Но в «Там внизу» он совершает прыжок через ров натурализма и достигает другой, если не более восхитительной, территории. Это было в 1891 году. Должен быть создан новый манифест — Гонкуры напечатали целую книгу. Символизм, а не натурализм, теперь является паролем. Гюисманс заявляет, что:
Необходимо сохранить правдивость документа, точность деталей, волокнистый и нервный язык Реализма, но столь же необходимо стать копателем колодцев души, а не пытаться объяснить то, что является таинственным, психическими болезнями... Необходимо, одним словом, следовать по великой колее, так глубоко прорытой Золя, но также необходимо проложить параллельный путь в воздухе, другую дорогу, по которой мы можем достичь Потустороннего, чтобы достичь таким образом Духовного натурализма.
И по причудливому, странному пути Дюрталь, вечный Дюрталь, стремился достичь духовности — духовности à rebours (наоборот), ибо именно через дьяволопоклонство и изучение печально известного Жиля де Рэ он пришел к своей цели. Мы также изучаем церковные колокола, инкубов, сатанизм, демонов, ведьм, святотатства самого raffiné (утонченного) толка; действительно, в книгу свалена огромная куча оккультного хлама, из-за чего она становится неперевариваемой. Дьявольские предания à la Жюль Дюбуа и другие современные маги представлены в изобилии. Эта порочная дама, в которую трудно поверить, мадам Шантелув, мелькает в различных главах. Ее окончательное исчезновение, как хочется надеяться, «вниз» — подобно чертям в пантомиме, — Дюрталь и читатель встречают со вздохом облегчения. Она, пожалуй, самый гнусный персонаж во французской литературе, и, как сказал бы Стендаль, ее единственное оправдание в том, что она никогда не существовала. Черная месса написана художником, искусным в обращении с мрачным и величественным.

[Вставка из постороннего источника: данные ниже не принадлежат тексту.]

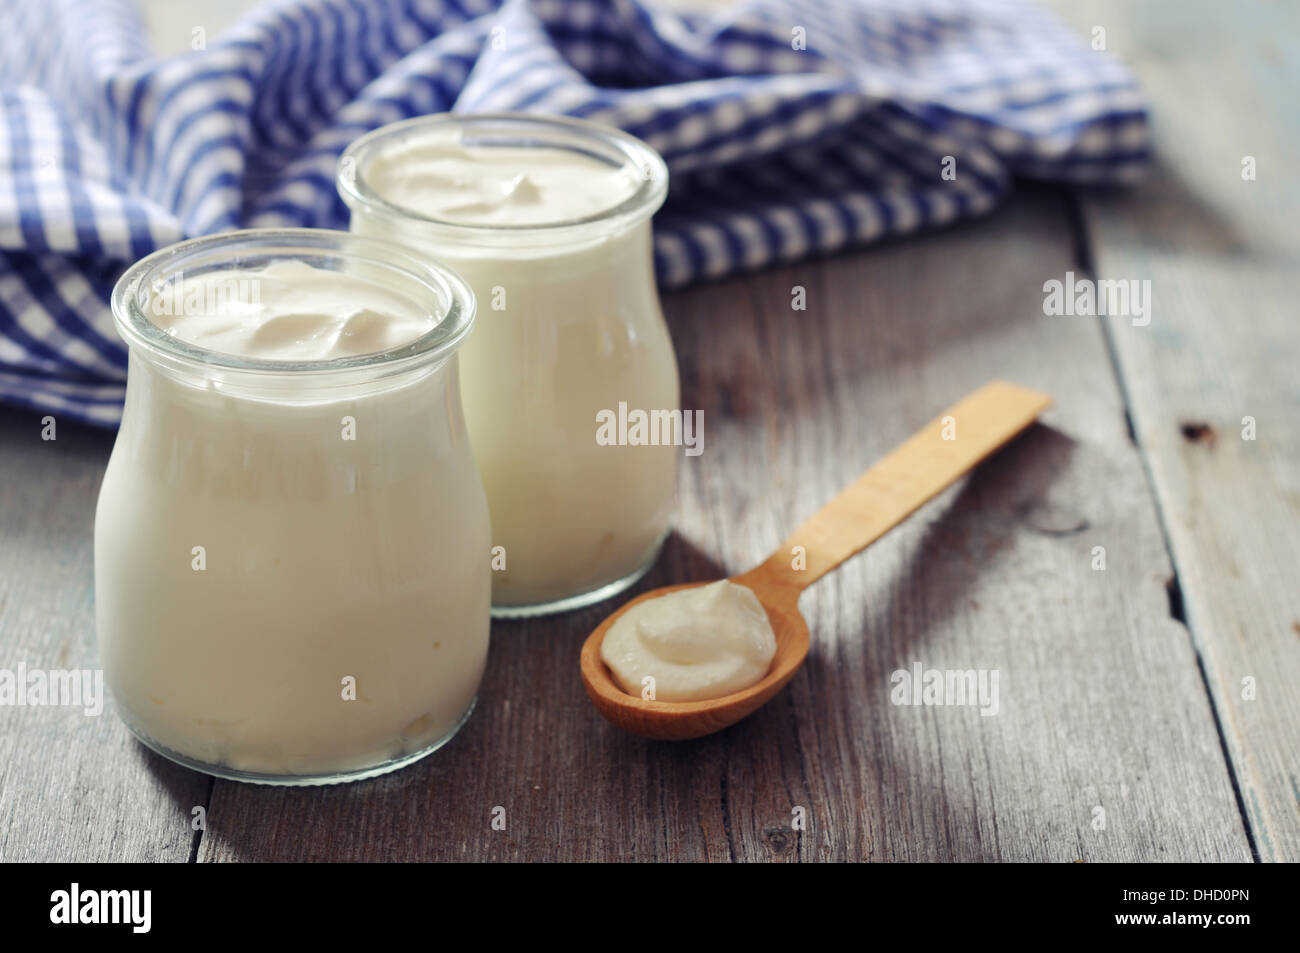 Greek yogurt in a glass jars with spoons on wooden background Stock Photo
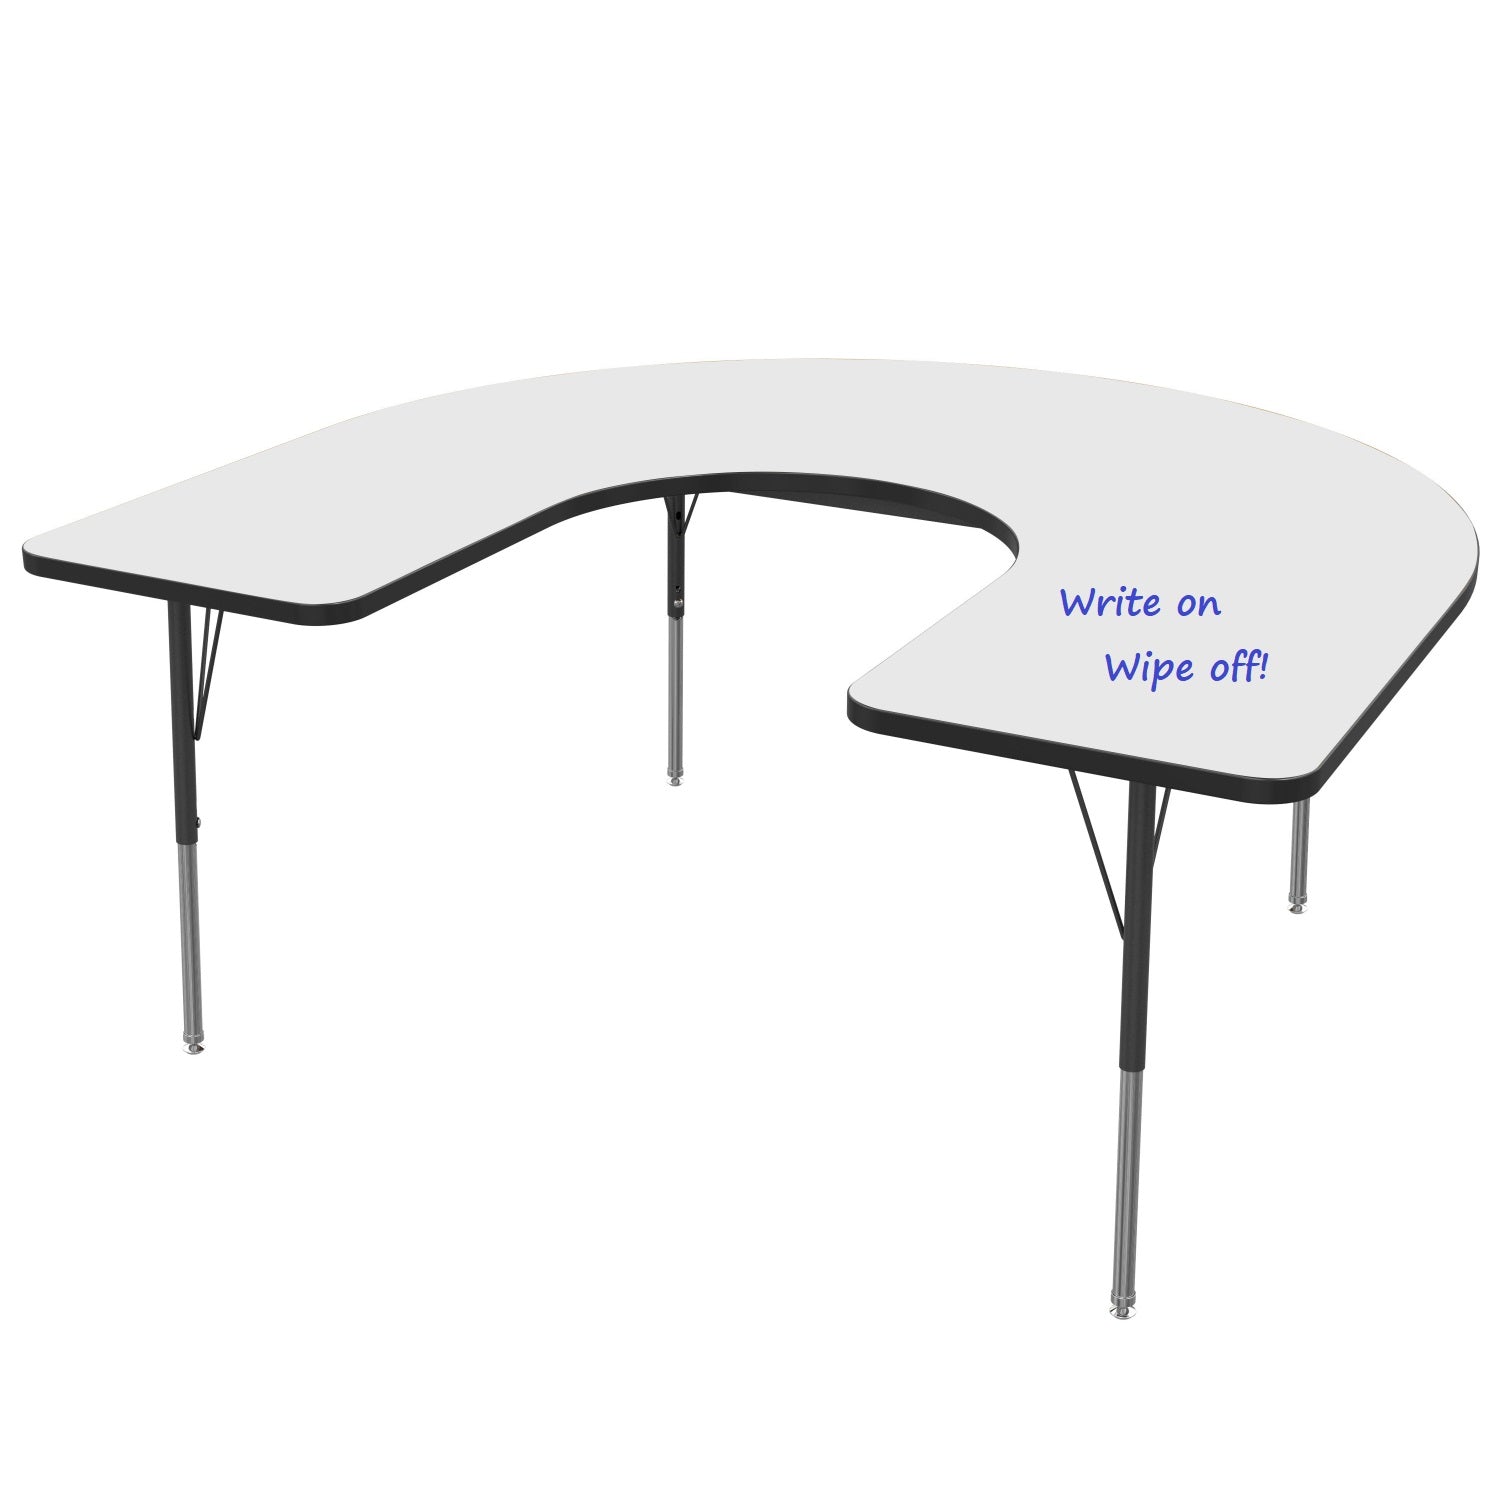 MG Series Adjustable Height Activity Table with White Dry Erase Marker -  NextGen Furniture, Inc.

«Там» (Là-Bas) оказался пророческим флюгером. «В пути» (En Route) 1895 года не удивил тех, кто изучал духовные метания Гюисманса. Узрите чудо! Он — верующий христианин. Мудро, что предшествующие причины были молчаливо опущены. «Я верю», — просто сказал Дюрталь. Особый интерес представляет его восхождение по лестнице к совершенству. Этот мучительный подвиг медленно совершается в «Соборе» (1898), «Облате» (1903) и «Лурде» (1906). И надо признаться, что чем благочестивее становился Гюисманс, тем меньше он был художником — как и следовало ожидать. Что значит его искусство для человека, которого не заботят дела мира сего? Он никогда не терял своей язвительности или способности к магической фразе, хотя его чувство меры постепенно исчезало. К счастью, он не приторен, как большинство писателей на религиозные темы. Фердинанд Брюнетьер жаловался, что Флобер был невыносимо эрудирован в своих трех коротких рассказах, — вторя тому, что Сент-Бёв говорил о «Саламбо» много лет назад. Что же он должен был подумать о том поразительном «Соборе» с его главами о символизме архитектуры, скульптуры, драгоценных камней, цветов (сэр Томас Браун и его квинкунксы были основательно вытеснены с поля), облачений, священных сосудов алтаря и множества таинственных вещей, иероглифов и темных литургических загадок? Там есть восхитительные страницы, хотя ни одна из них не столь торжественна и трогательна, как описание De profundis и Dies iræ в «В пути».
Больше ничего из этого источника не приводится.